What aspect of your playing have you put the most time into?

Dynamics. When I watch old My Morning Jacket clips on YouTube, it looks like I’m trying to destroy the bass with my hand. I’ve actually got a knot on my wrist from pounding the edge of my bass so hard for years; when My Morning Jacket started out, we played venues where I had to play as loud as I could in order to be heard. I didn’t really learn how to use dynamics until our fourth record, Z. I’ve learned that aggressive playing is one weapon that’s more effective when used very sparingly as part of an overall arsenal.

Have you refined any specific aspects of your playing style?

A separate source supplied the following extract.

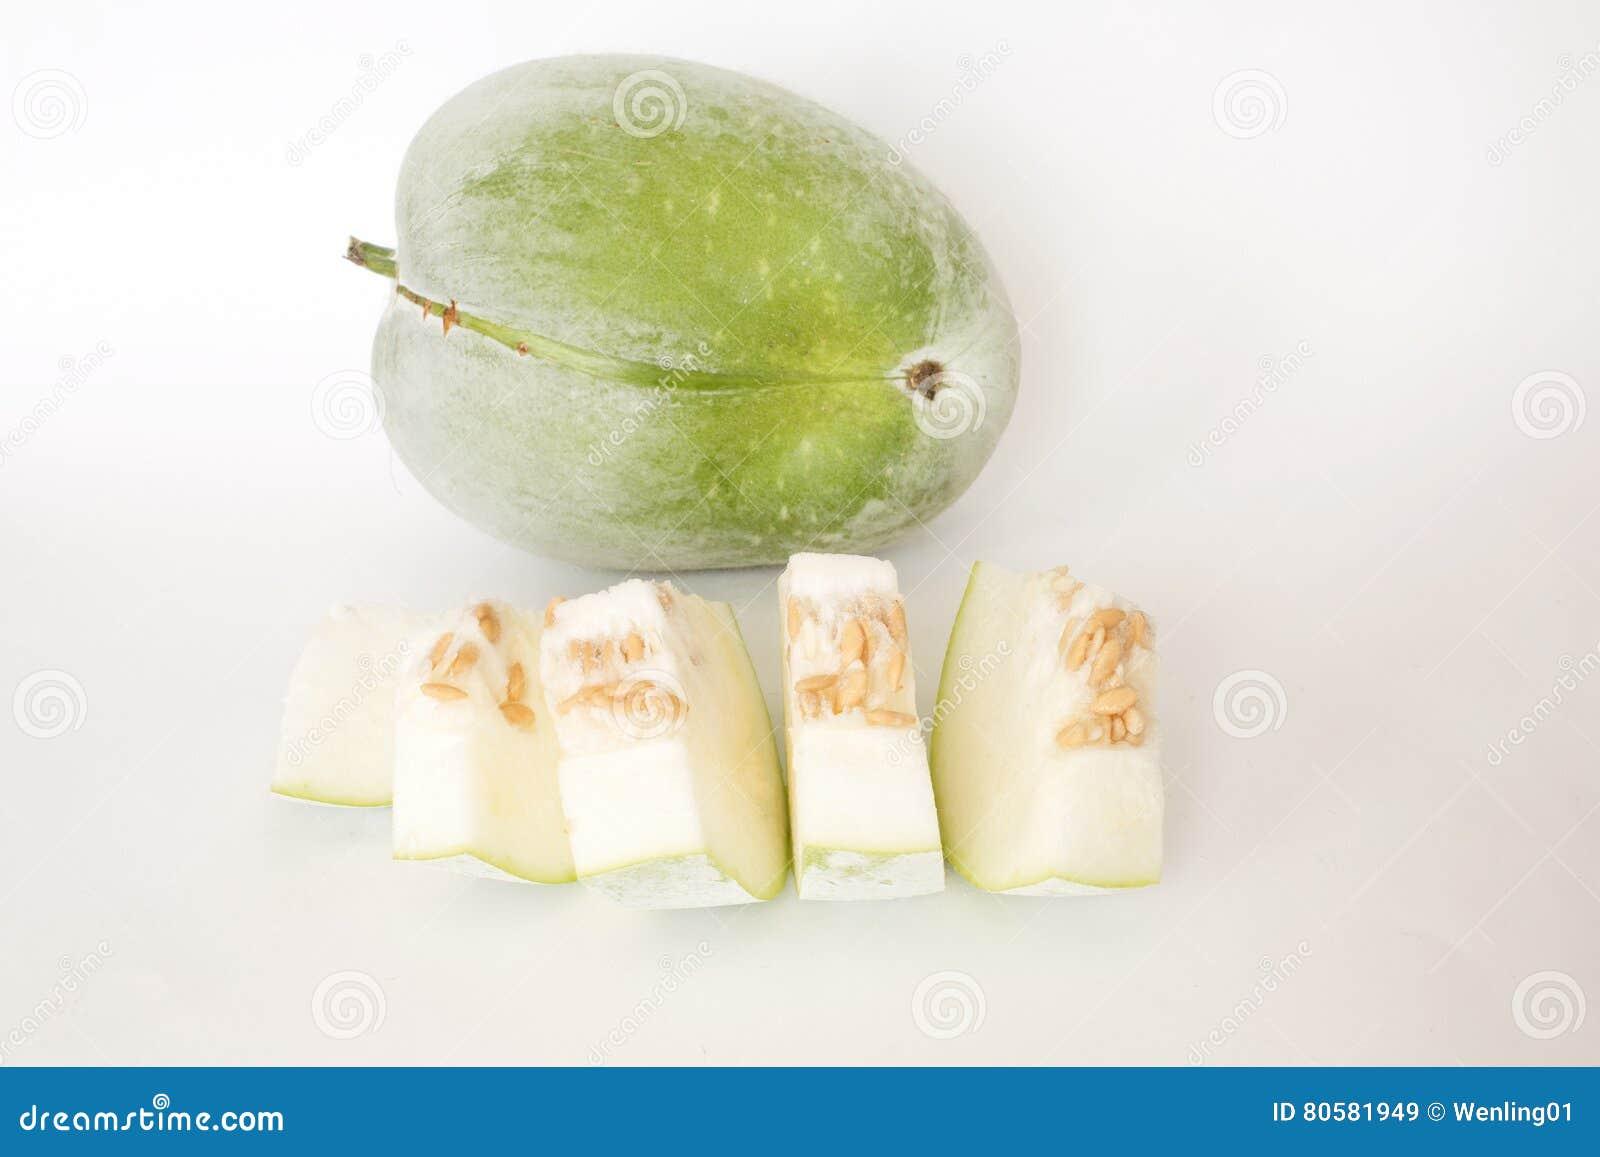 Nice organic winter melon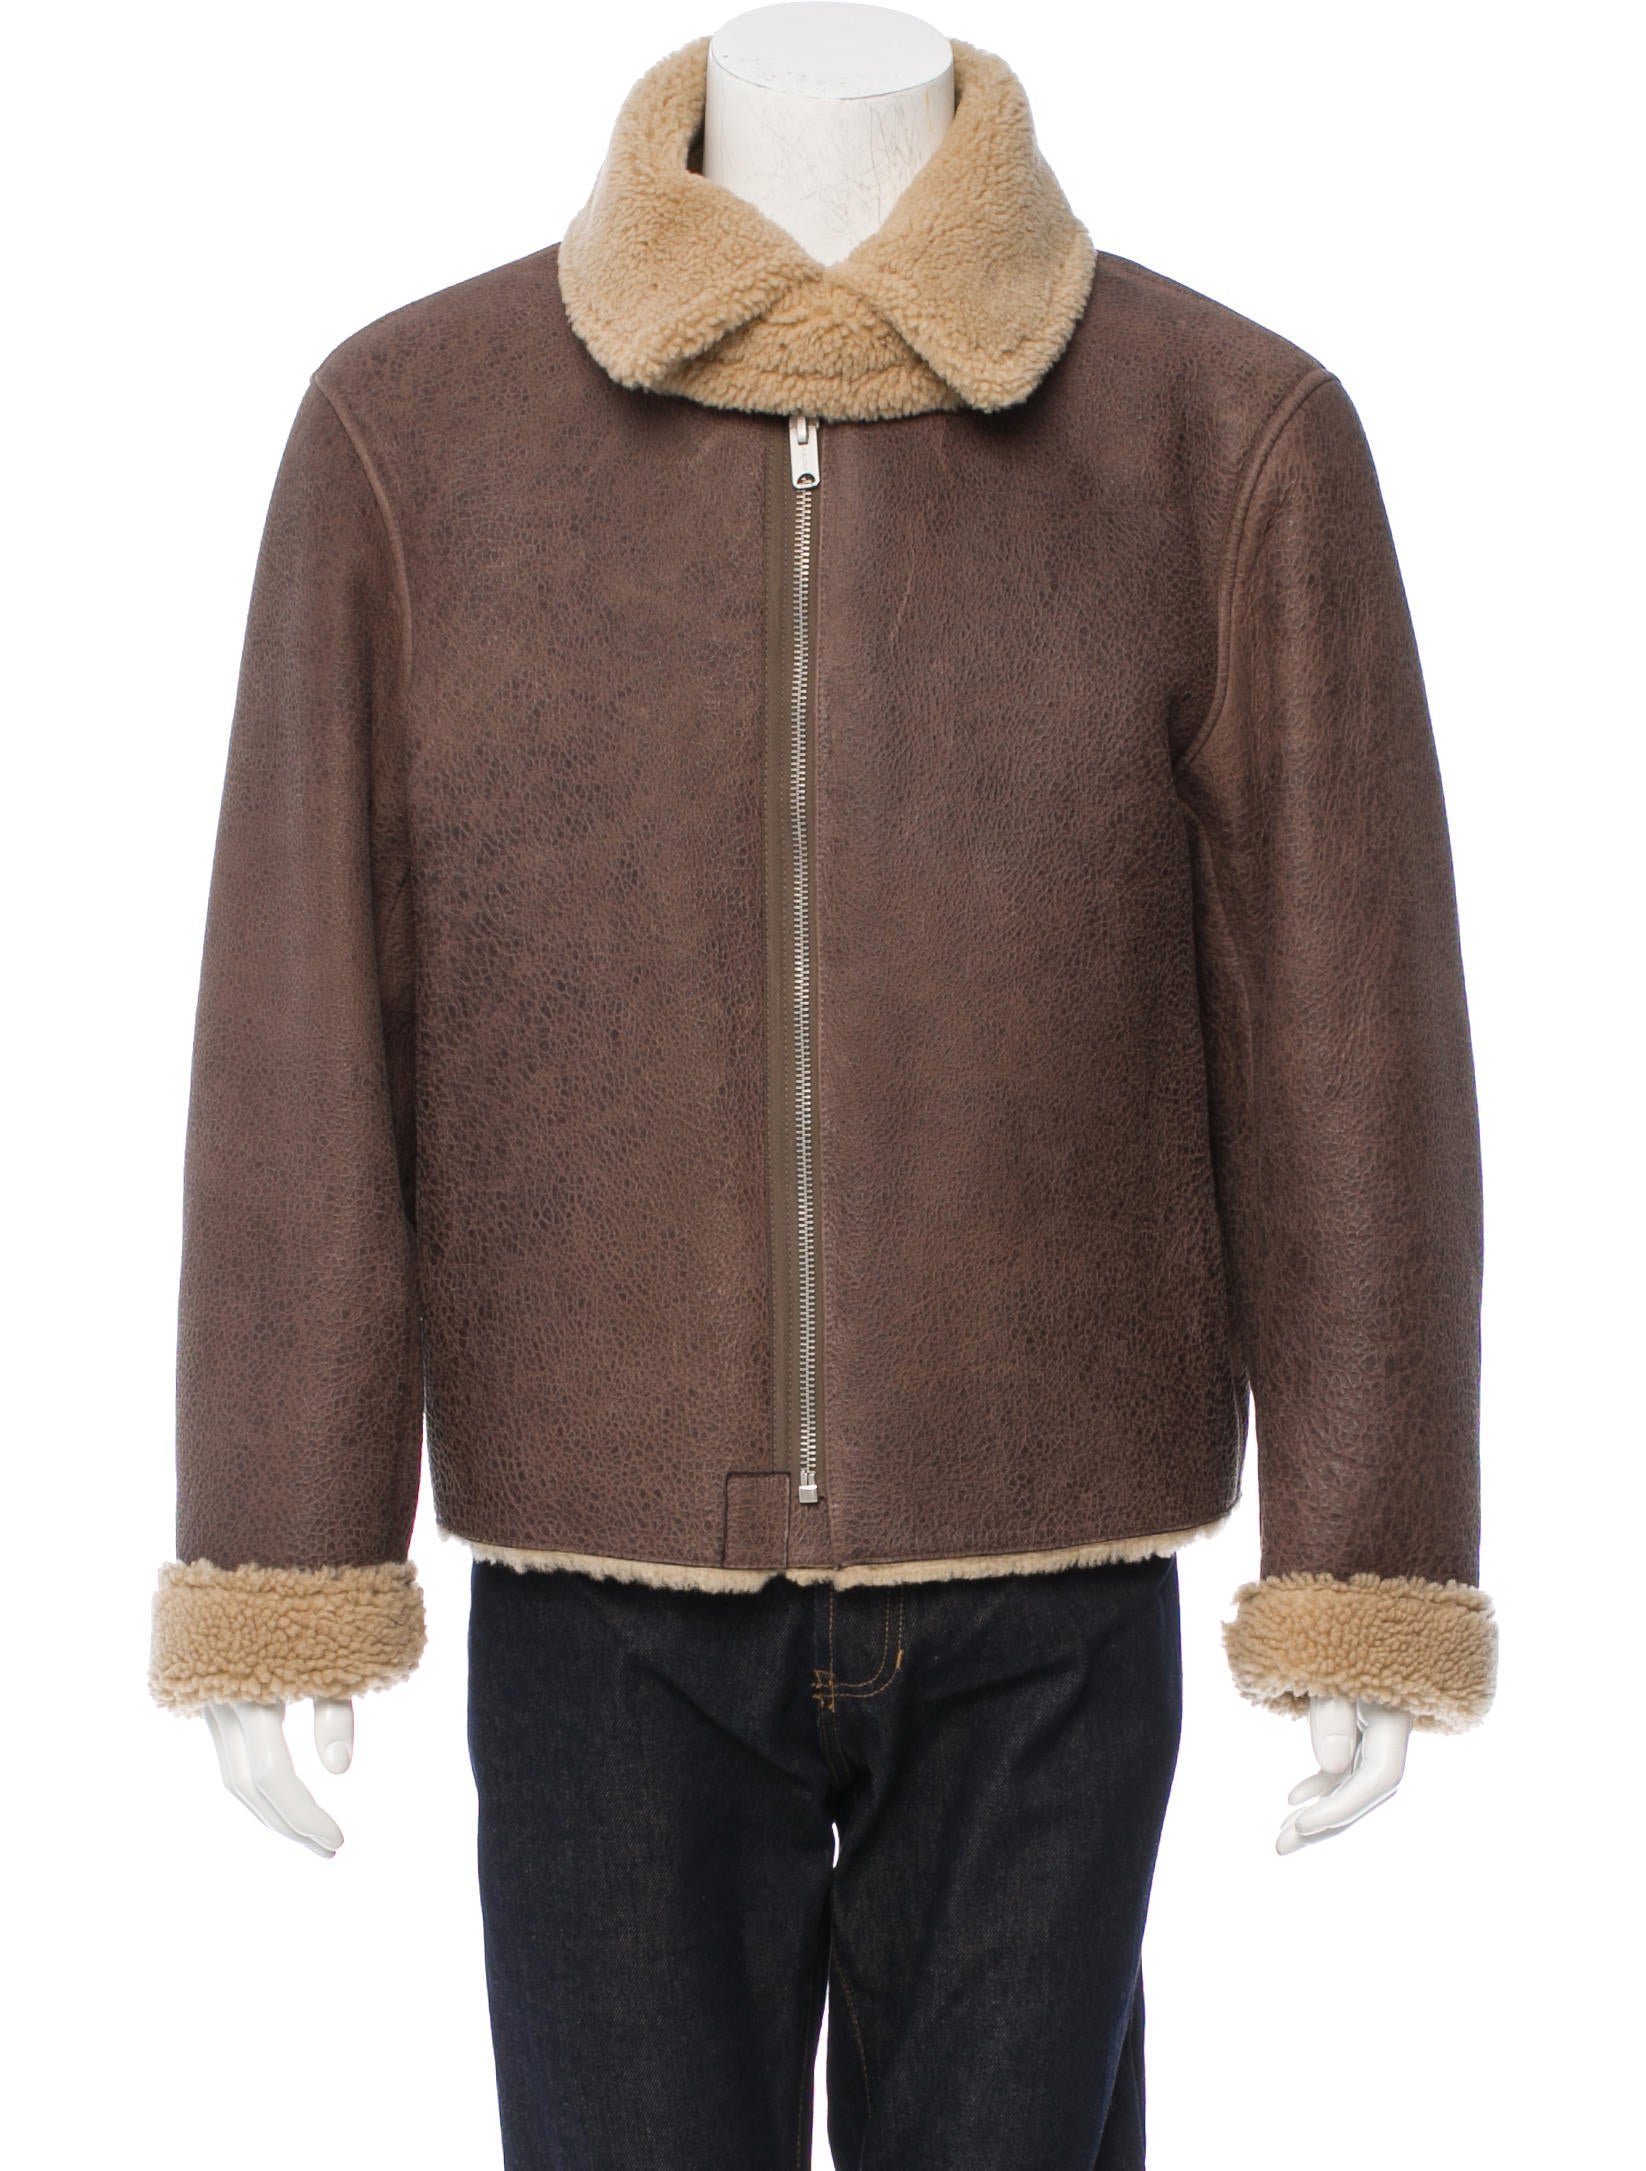 38481ca9c36ee Yeezy Season 3 Flight Jacket - Clothing - WYEEZ20151

I’m a fingerstyle player, and I’ve noticed from watching and listening to clips of myself playing that I have a tendency to tap my fingers on the strings to keep track of the snare-drum hits I’m not playing along with. Even though I’m muting, you can still hear those taps on the first few records because I was playing so aggressively. When we were recording Evil Urges, [producer] Joe Chiccarelli hipped me to using flatwound strings as a way to reduce finger noise. Flatwounds made my tendency to tap along with the snare a non-issue, and I love the warm heaviness of the flatwound tone—especially on an old P-Bass. I did almost the whole new CD with that combination.

HEAR HIM ON
My Morning Jacket, Circuital [Red, 2011]; Bobby Bare Jr., A Storm, A Tree, My Mother’s Head [Thirty Tigers, 2010]

GEAR
Bass 1964 Fender Precision Bass with Fralin pickups
Rig Ampeg V-4B head, Mesa Powerhouse 4x10 + 1x15 cabinet
Effects Electro-Harmonix Bass Micro Synth, Caitlin Bread SFT overdrive
Strings D’Addario Chromes flatwounds (.050–.105)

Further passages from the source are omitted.